**Activity:**
What you return must match the listing below exactly, minus any pictures.

**Information supplied:**
╭──

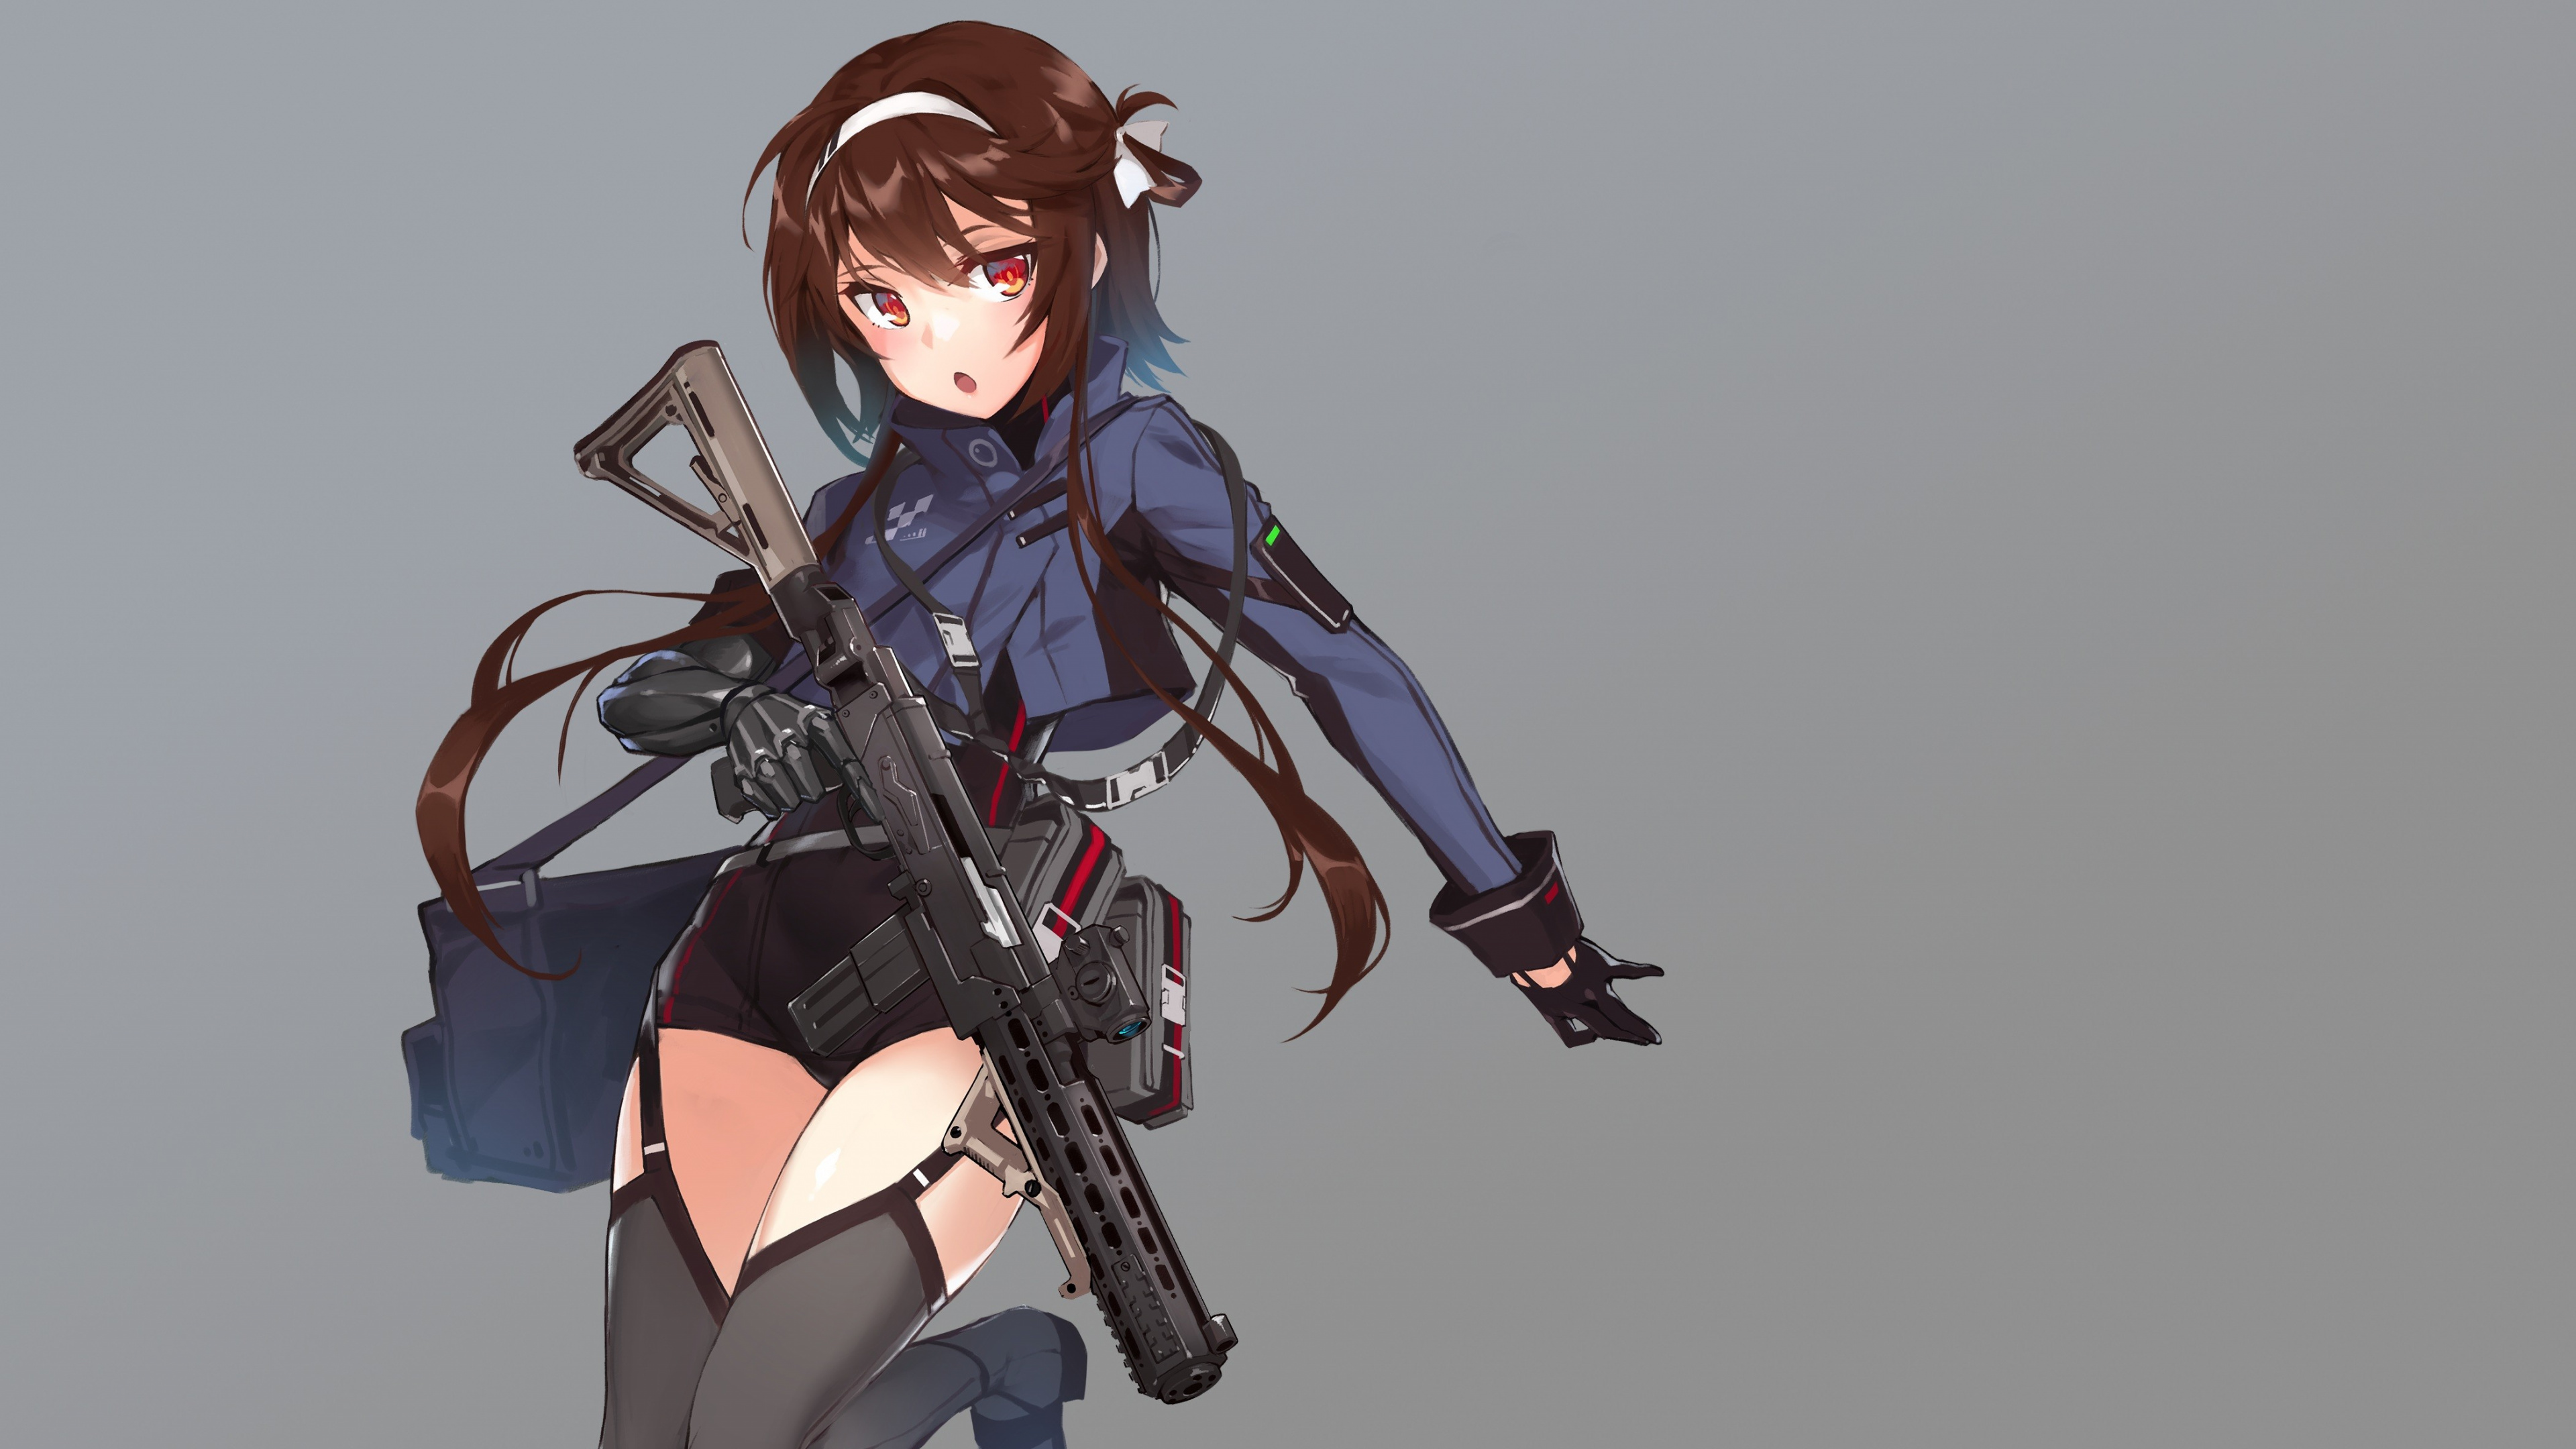 Woman in Blue and Black Dress Holding Rifle Anime Character. Wallpaper in 3840x2160 Resolution
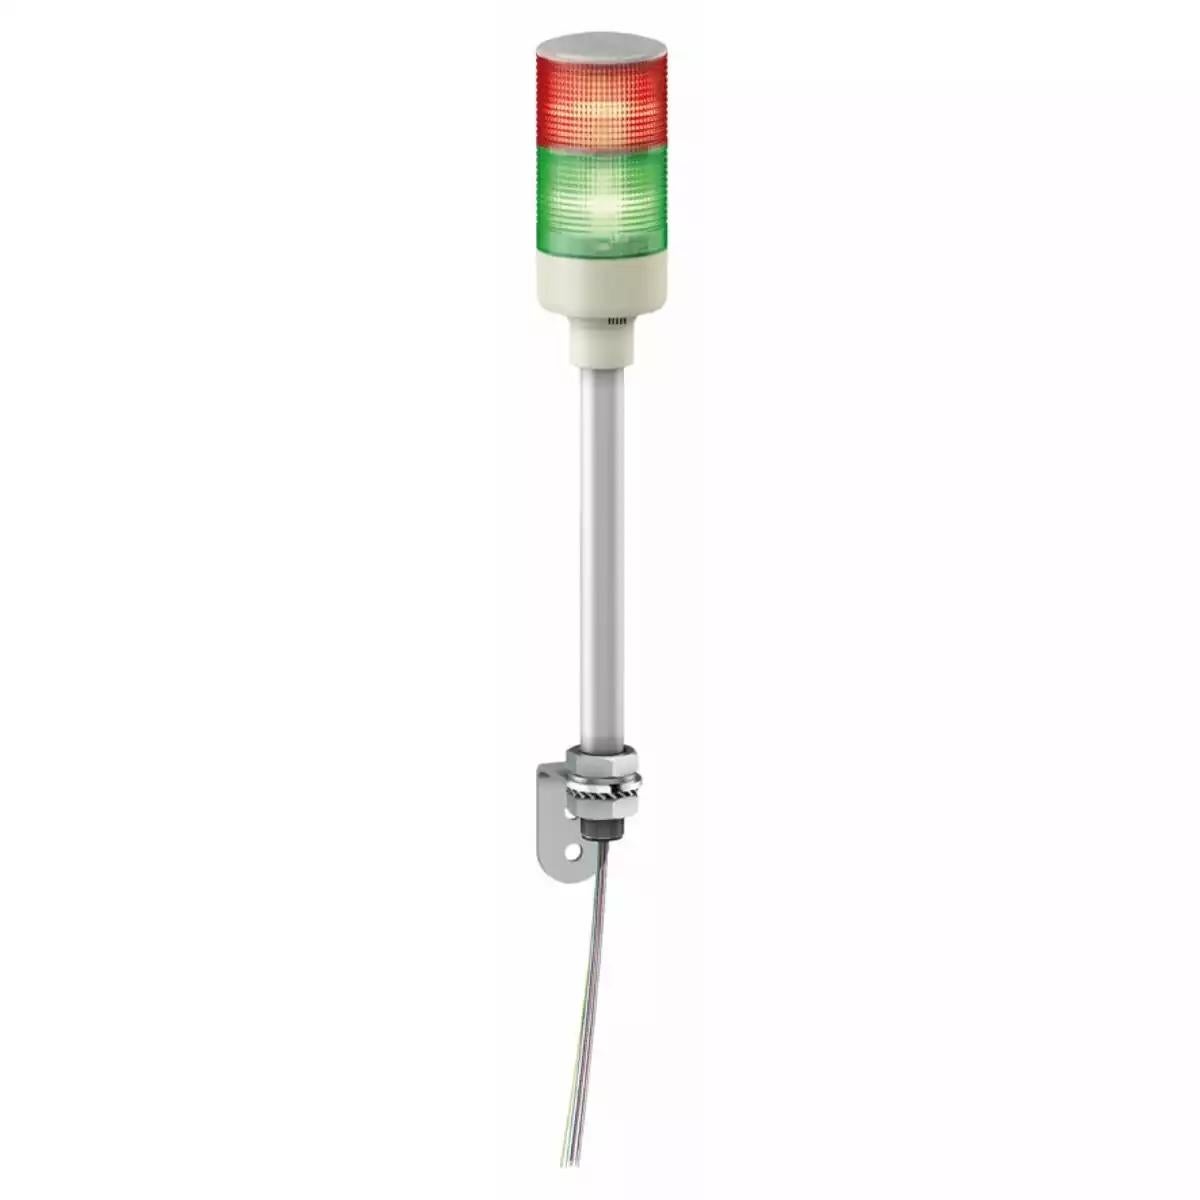 Schneider Electric Harmony XVG Tower Light - RG - 24V - LED - Tube mounting with 
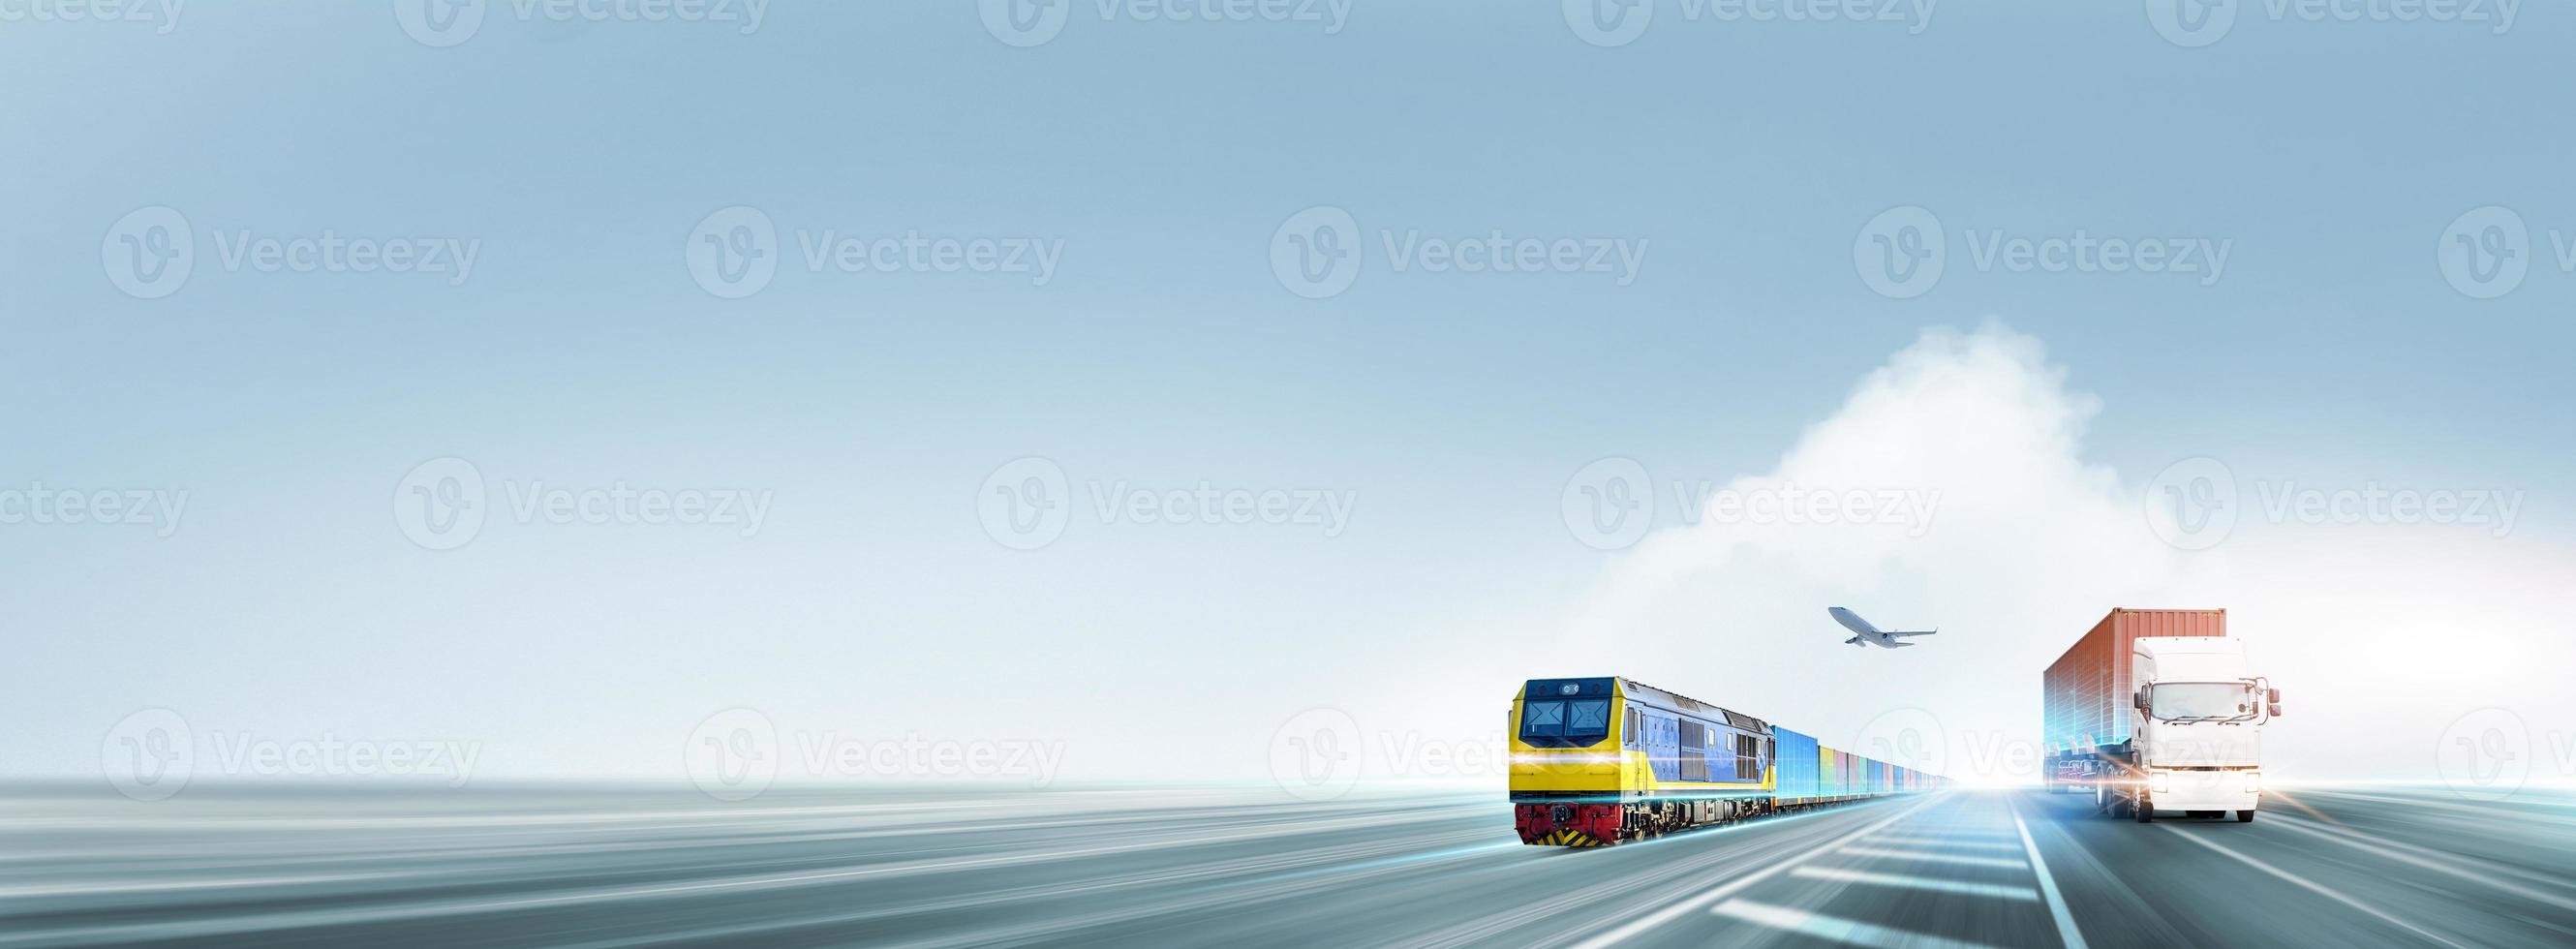 Technology Digital Future of Cargo Container Logistics Transport Concept, Freight Train, Plane, Truck on Highway Road at Blue Sky, Copy Space, Modern Futuristic Transportation Import Export Background photo

╰──

**Written reply:**
 Woman in Blue and Black Dress Holding Rifle Anime Character. Wallpaper in 3840x2160 Resolution
 Schneider Electric Harmony XVG Tower Light - RG - 24V - LED - Tube mounting with 
 Technology Digital Future of Cargo Container Logistics Transport Concept, Freight Train, Plane, Truck on Highway Road at Blue Sky, Copy Space, Modern Futuristic Transportation Import Export Background photo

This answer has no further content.